Belum selesai proses hukum akibat Pemprov Kepri mengeluarkan izin tambang bodong, kembali terkuak pencairan Dana Jaminan Pengelolaan Lingkungan (DJPL) atau dana reklamsi PT Sahnur dengan alasan telah melakukan revitalisasi lingkungan dengan capaian keberhasilan 100 persen di Tanjung Mocco kawasan FTZ. Artinya aktifitas tambang tidak pernah ada alias fiktif, sehingga dokumen berita acara keberhasilan reklamasi untuk pencairan diduga difiktifkan.
KEPRINEWS – Melalui penuturan dari salah satu pegawai ESDM (namanya dirahasiakan) kepada KepriNews.co, Senin (15/02/2021) dibeberkan, bahwasannya penjelasan dari Kasi Teknik Lingkungan Dinas ESDM Kepri, Reza Muzzamil Jufri kepada wartawan baru-baru ini, perlu diuji dan berkemungkinan tidak benar, artinya disinyalir memutarbalikan fakta dari eksistensi sebenarnya.

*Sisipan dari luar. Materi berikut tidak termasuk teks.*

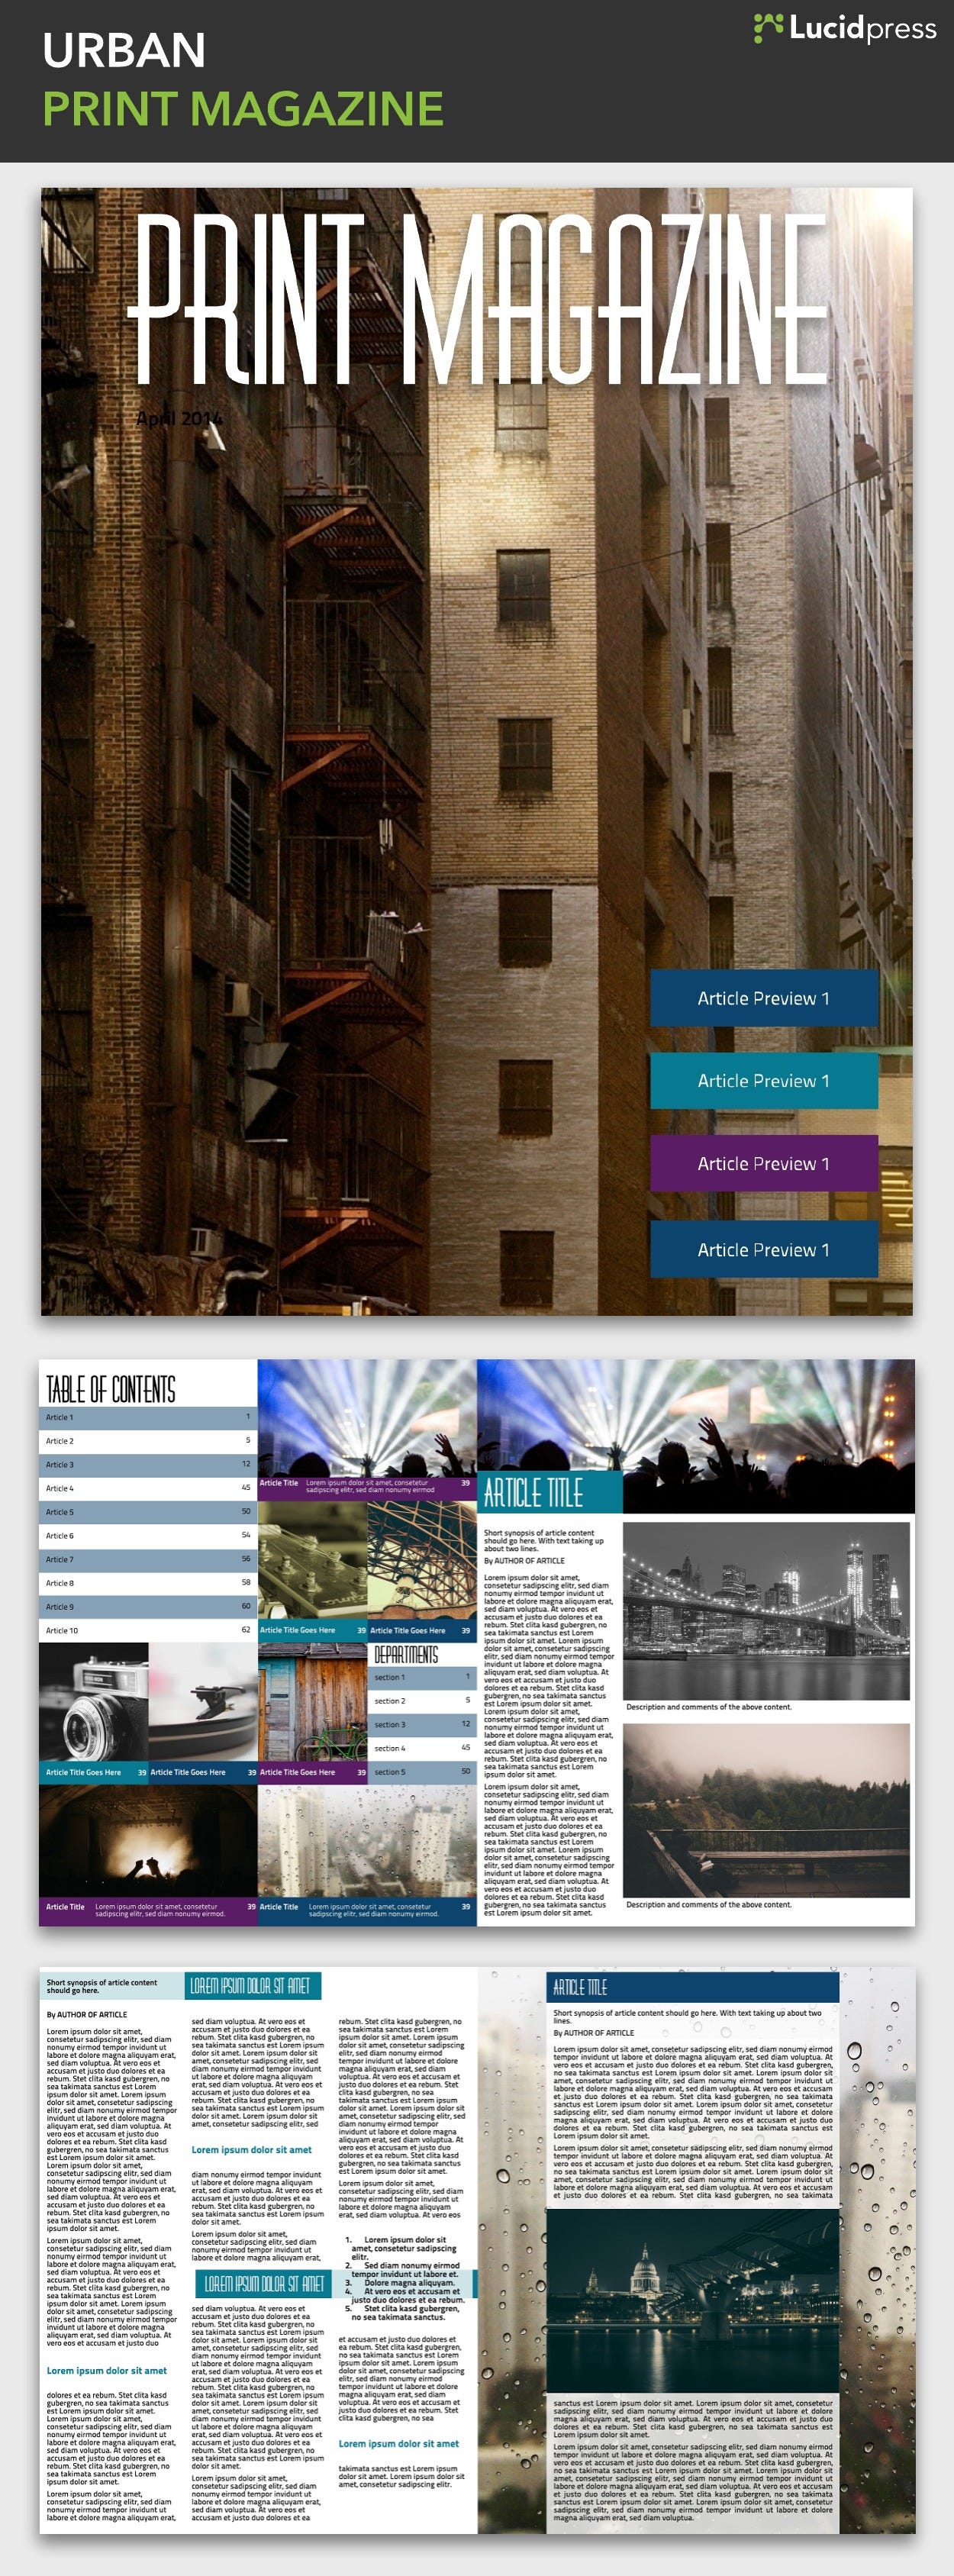 Verwonderlijk 14 magazine layout design ideas for your inspiration VG-89

Dijelaskannya PT Sahnur itu memang hampir melakukan aktivitas tambang di Tanjung Mocco. Sampai peralatan pertambangan pada waktu itu sudah standby untuk melakukan eksploitasi bauksit. Namun karena sesuatu dan lain hal, sehingga operasi pertambangan tidak sempat dilakukan. Dan diketahui bahwa perusahaan ini hanya sebatas membeli bauksit dari hasil penambang lainnya.
Yang dijelaskan Kasi Teknik Lingkungan itu mengenai realisasi reklamasi oleh PT Sahnur sudah memenuhi standar dan sesuai UU, itu jelas manipulasi. Dimana PT ini tidak pernah melakukan sesuatu yang berkaitan dengan aktivitas reklamasi.
Mulai dari penataan sampai pematangan lahan di lokasi rencana pertambangan PT Sahnur, itu dilakukan Pemprov Kepri untuk pembangunan jalan dengan nilai anggaran Rp28 miliar.
“Saya pun bingung, berita acara keberhasilan reklamasi PT Shanur tersebut, itu dilakukan Pemprov dikarenakan akan membangunan jalan. Menggunakan dana APBD, bukan dana perusahaan. Tapi kok bisa dijadikan laporan dokumen kegiatan reklamasi untuk mencairkan dana reklamasi yang berjumlah sekitar Rp5 miliar,” herannya.
Sesuai UU untuk pencairan dana Jaminan reklamasi mulai dari permohonan pencairan harus berdasarkan hasil peninjuan lapangan, dibuatkan dalam berita acara yang memuat penilaian keberhasilan reklamasi lahan terganggu akibat kegiatan pertambangan, disusun berdasarkan dokumen lingkungan hidup yang telah disetujui oleh instansi yang berwenang sesuai dengan ketentuan peraturan perundang-undangan di bidang perlindungan dan pengelolaan lingkungan hidup, dilakukan secara benar sesuai fakta dan data yang riil.
Ditambahkan lagi oleh Koordinator Lembaga Pemantau Kinerja Pemerintah (LPKN) Yenny, kepada kepada KepriNews.co Selasa (16/02/2021), mempertanyakan pembayaran pajak dari PT Sahnur atas kegiatan penjualan bauksit. Jadi terindikasi perusahaan ini telah berkonspirasi untuk mengeluarkan rekomendasi pencairan DJPL.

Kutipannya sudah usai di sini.